My daughter caught her dad sneaking an underwear set into his car. He said it was for me and then he changed his mind and was taking it back to the shop as he didn't think I'd like it.

He had never bought me underwear in his life.!!

He also needed Viagra/ cialis to keep his pecker up with the ow!

CheersMedea · 10/05/2015 19:43

I'm not sure it's particularly helpful to be all "OW Alert! OW Alert!" here. The OP wasn't suggesting that he was having an affair.

The OP's main problem is lies. Not all men are cheaters you know; often it seems the answer to everything here.

"My husband won't help with the cooking and it drives me crazy"
"He must be having an affair".

LyingDP · 10/05/2015 19:49

IB he's not self employed as such, he works for the area manager who is there. He finishes at 5:45 every night and is always back by 6:00.
I do hear what PP's are saying re: the Viagra. I would probably say the and thing. But it just doesn't seem to be the case, again it's hard as I'm the only one who knows him IYSWIM but my family feel the same.
That he's not a cheat.
He's just a twat.
Whenever I feel weak I look at your replies Smile

OP posts:
LyingDP · 10/05/2015 20:05

I don't know what I'm going to do without him.

OP posts:
CheersMedea · 10/05/2015 20:06

Well you don't have to leave him. It's just a question of whether this is something you can tolerate forever. Which is worse for you?

Miele72 · 10/05/2015 20:17

This reply has been deleted

Message withdrawn at poster's request.

EhricLovesTheBhrothers · 10/05/2015 20:37

Cheers are you for real?

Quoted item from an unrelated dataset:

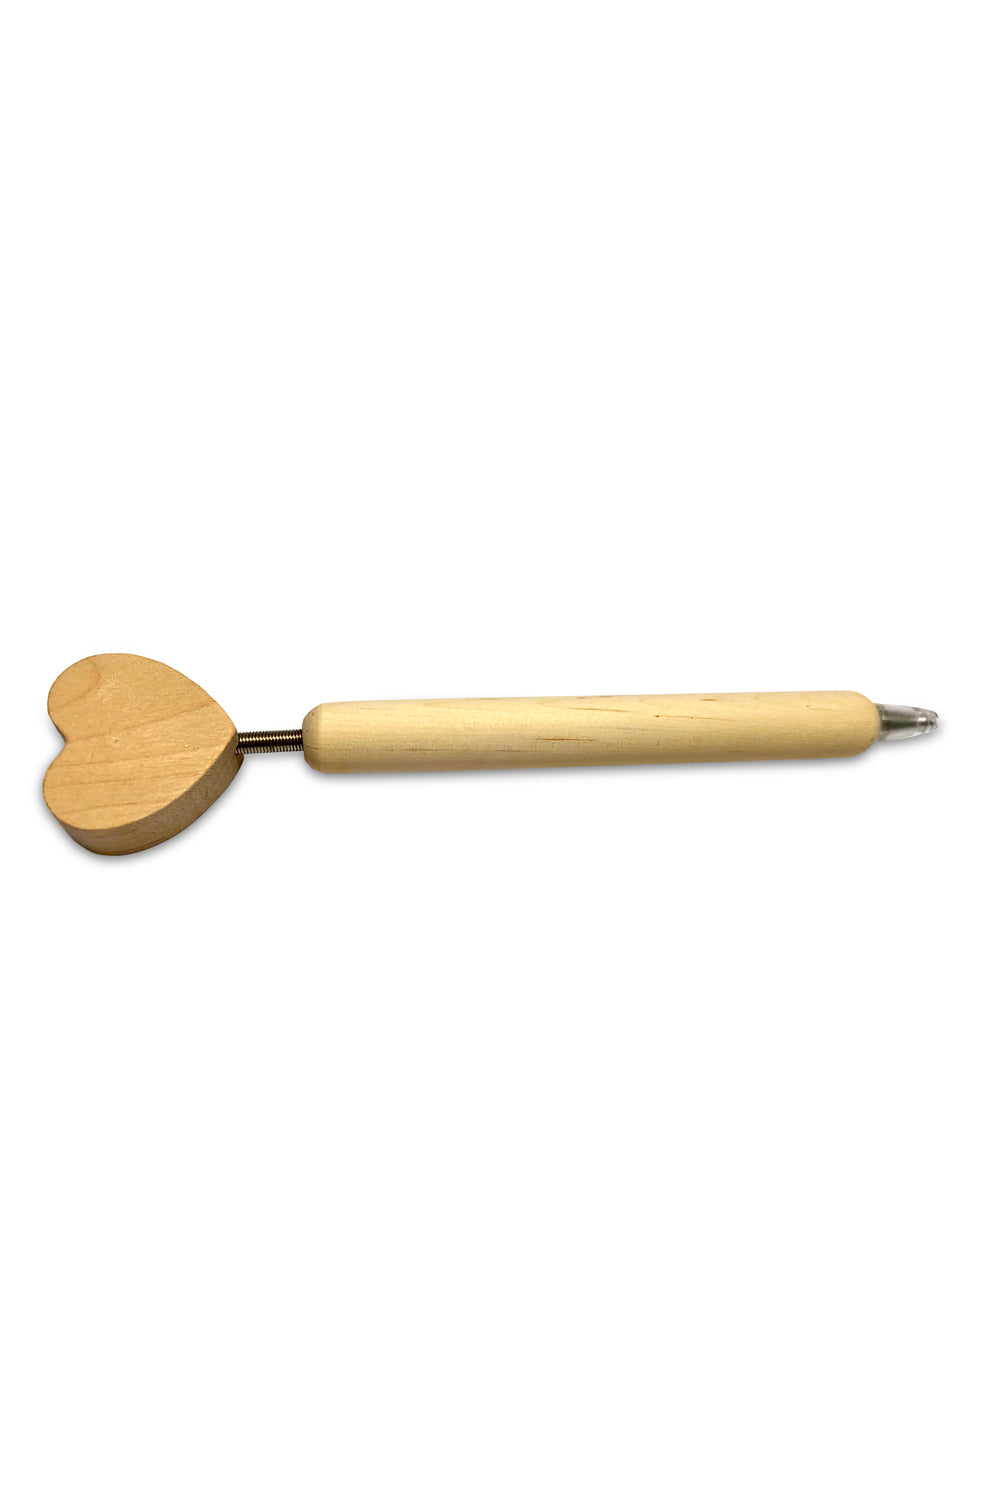 Der schoene Herz Kugelschreiber ist aus Lotus Holz und hat somit einen natuerlichen Look. Der Holzschreiber ist auch perfekt zum Anmalen und selbst kreieren!

Secret Viagra is a big fucking different to not doing the cooking. Secret Viagra screams affair.

Anyway, the point is, this guy lies, he won't stop lying for you, so you either accept being lied to for the rest of your life or you dump him. I'm sorry, I know it's awful.

RagstheInvincible · 10/05/2015 20:39

He's a silly weak fool who thinks a lie can serve him better than the truth. Sorry to be brutal OP but that's how he comes over to me. I don't think you have any need to worry about an OW - he's not got the talent to keep an affair going for any length of time IMO without you finding out.

Having drawn your line in the sand, he's crossed it. Logically then you should leave. BUT if you think your life really would be worse without him, then stay. He is such a crap liar that I doubt if he could actually two time you without you finding out PDQ, just remember that sadly you cannot really trust a word he says.

MrsSheRa · 10/05/2015 20:47

I'm so sorry Op Sad

He has proved that you cannot trust him.

CheersMedea · 10/05/2015 21:13

Secret Viagra screams affair.

Not necessarily - ED is notoriously often overcome in a new relationship because it features newness and excitement. If there is one time you don't need Viagra, it is likely to be at the start of an affair. It is equally plausible that it was something he wanted to hide from his wife because he was embarrassed.